Sadly my blog is not yet well organized (perhaps if we get snowed in, I can rectify that). But I have shared many of my own rules of the road as well as tips. Here are some of posts that might be of interest:

  1. Camping, Playgroups, Babysitting: My friend "A Mother In Israel" wrote a Guest Post for me on organizing a co-op camp for children. The same ideas can be extended to work low cost pre-school cooperatives. And formal and informal round robins can be used to help cut down on babysitting expenses for times when you need a babysitting (weddings, dentist and doctor appointments, etc). The key is to find friends willing to give these alternatives a try.
  2. New to You Shopping, i.e. buying used at garage sales, consignment stores, and thrift stores, has not only cut our expenses, but has also put my kids in "better" clothing than what we would normally purchase. I love inverse relationships!
  3. Pesach for many means overspending, but that doesn't have to be the case. Pesach is a holiday of freedom, so becoming a slave to Mastercard certainly makes no sense. Here are tips from year past: 2006, 2007, and 2009.
  4. Weddings and any other smachot don't Need to break the bank by design either. One Guest Poster writes about her super-frugal wedding. Here is what we did to keep our wedding under control. I personally think the overspending on weddings is a HUGE issue and if just this one issue could be tackled it would go a long way towards improving "The State of the Union"; shidduchim, shalom bayit, financial issues.. . you name it and the hub practically revolves around the issue of killing ourselves over a one night, 5 hour affair. Ludicrous!
  5. Organizing Cost Effective Grocery Shopping is how we save thousands of dollars a year. Some people love Costco, but I'm apprehensive. I think that good menu planning and shopping the circulars is key. Some don't care to talk about the small numbers, but I am thoroughly convinced that a decade of smart grocery shopping has contributed tremendously to our bottom line.
  6. But, if you like to focus on the big, try Too Much Too Soon which looks at the hidden costs of too much stuff, too much car, too much house, and too many services (yes, I do dare to suggest the cost cutting measure of trying to get away with less services including, but not limited to, cleaning help). In another post I pointed out that a Yated letter writer's budget was not being crushed by tuition, but by the biggies including a huge mortgage and the utilities that go along with it, camp and going to a bungalow colony, and cleaning help amongst other ridiculously large expenses.
  7. Of course, cutting down on peer pressure while choosing to live within your means isn't easy when "everyone" else is spending like there is no tomorrow. I think mitigating peer pressure is important.
  8. Budgeting is key. There are lots of great budgeting software out there. I personally track everything on good 'ol Microsoft Excel which is not particularly the most efficient, but it works for me. Now that I have a bunch of clients on Quickbooks, I will likely stick my own stuff in there since I have so darn much of it and it continues to get more complicated by the day. Budgeting Tool #1 (Monthly Budget Tracking and Summary), Budgeting Tool #2 (Cash Flow Analysis), Budgeting Tool #3 (Asset and Liability Tracker, i.e. a balance sheet. . .but without considering the value of my home because I'm not selling anytime soon, nor borrowing against it), and Budgeting Tool #4 (Year-by-year budget comparison).
  9. Living below your means and saving for the future is important, but you need to insure against the terrible possibility of a death in the family. I wrote about Life Insurance early on, and a reader was kind enough to put together a basic primer on Life Insurance Basics. I have yet to write about disability or long-term care insurance. They too are important. It is naive to think the community will (or even can) pick up the pieces for you as this family in Money Magazine believes (ouch)!
  10. And to round out the Top 10 posts/subject matters, I will just mention that I believe financial issues are best tackled early, with honesty, and with a belief that the problems can be solved through hard work.
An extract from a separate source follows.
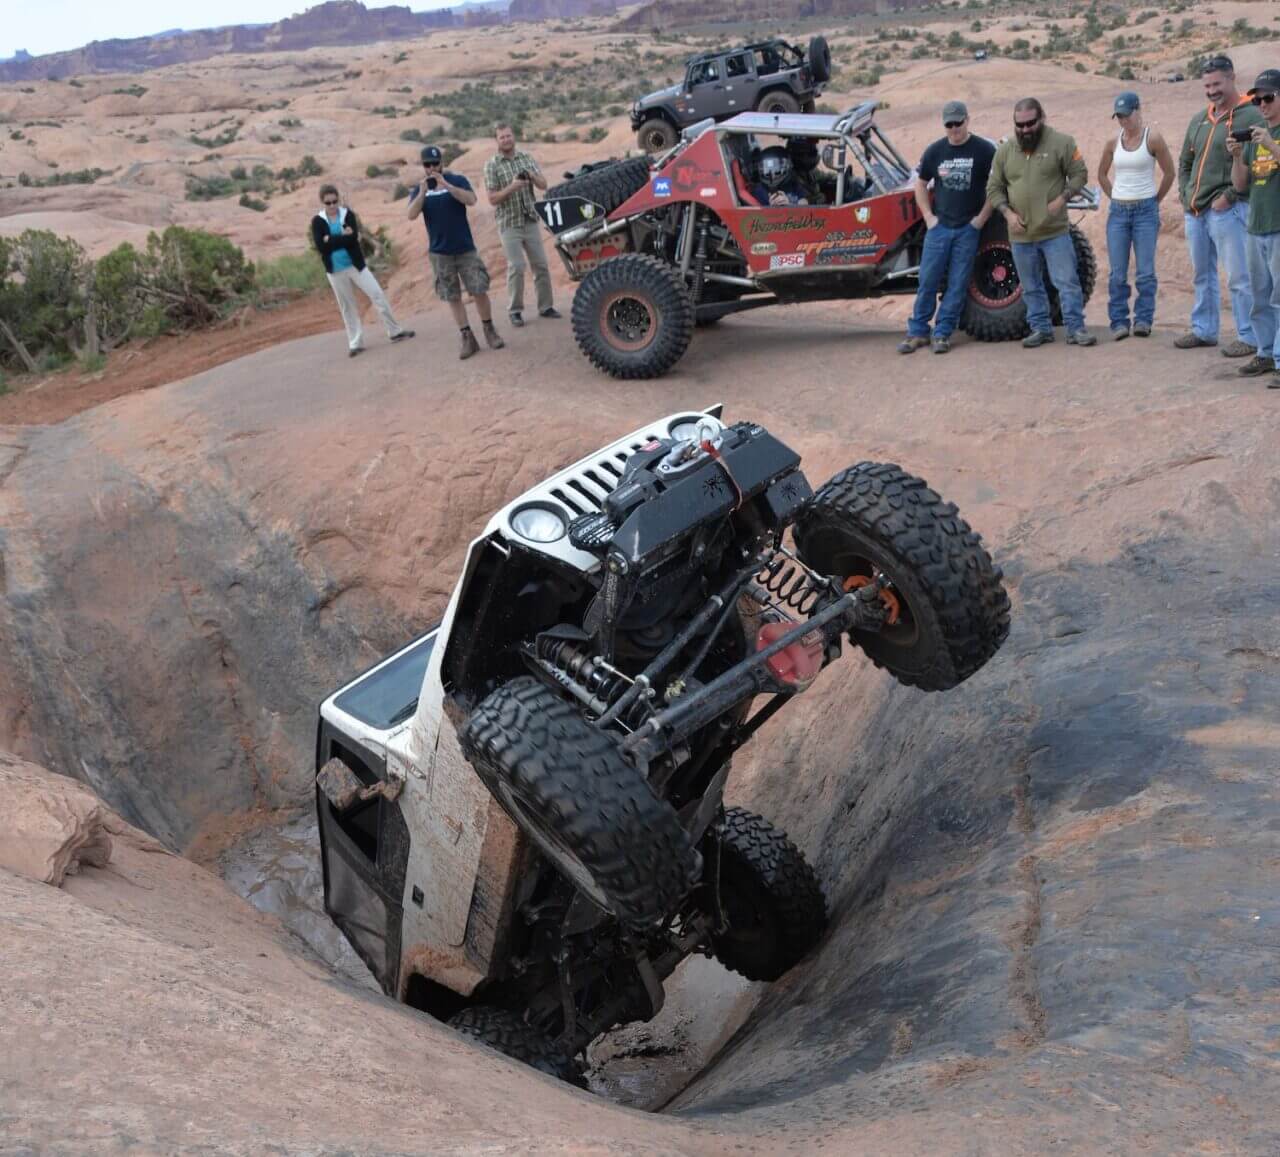 02 Hells Revenge Mickys Hot Tub Moab Easter Jeep Safari

Well, that list should provide at least a few things to hang your hat on!

2 - have you or any of your readers considered or seen the following:
creating virtual learning for frum schools as is currently being done for secular colleges and other professional online training.
community limits on simcha spending
a paid service plan like insurance that pays for chasonnas
communities working together to cook for simchas.


Virtual Learning
As far as I know there are entrepreneurs looking to develop virtual learning. I was even fortunate enough to have a guest poster write about Virtual Schooling. Room 613 (sorry I can't remember the web address) is one that I have heard of geared towards frum students. While I try to use my little 'soap box' to look at education alternatives from homeschooling, to hybrid schooling, or alternative schedules (the four day schedule continues to grow on me) as well as news out of public schools, I don't see myself jumping on the virtual learning bandwagon quite yet, but I do believe there is a lot of potential. But this comes from someone who doesn't believe calculators should be used until algebra, and then only a basic 4-function. I'm not a technophobe, but a personal connection to the educator still is a basic for me.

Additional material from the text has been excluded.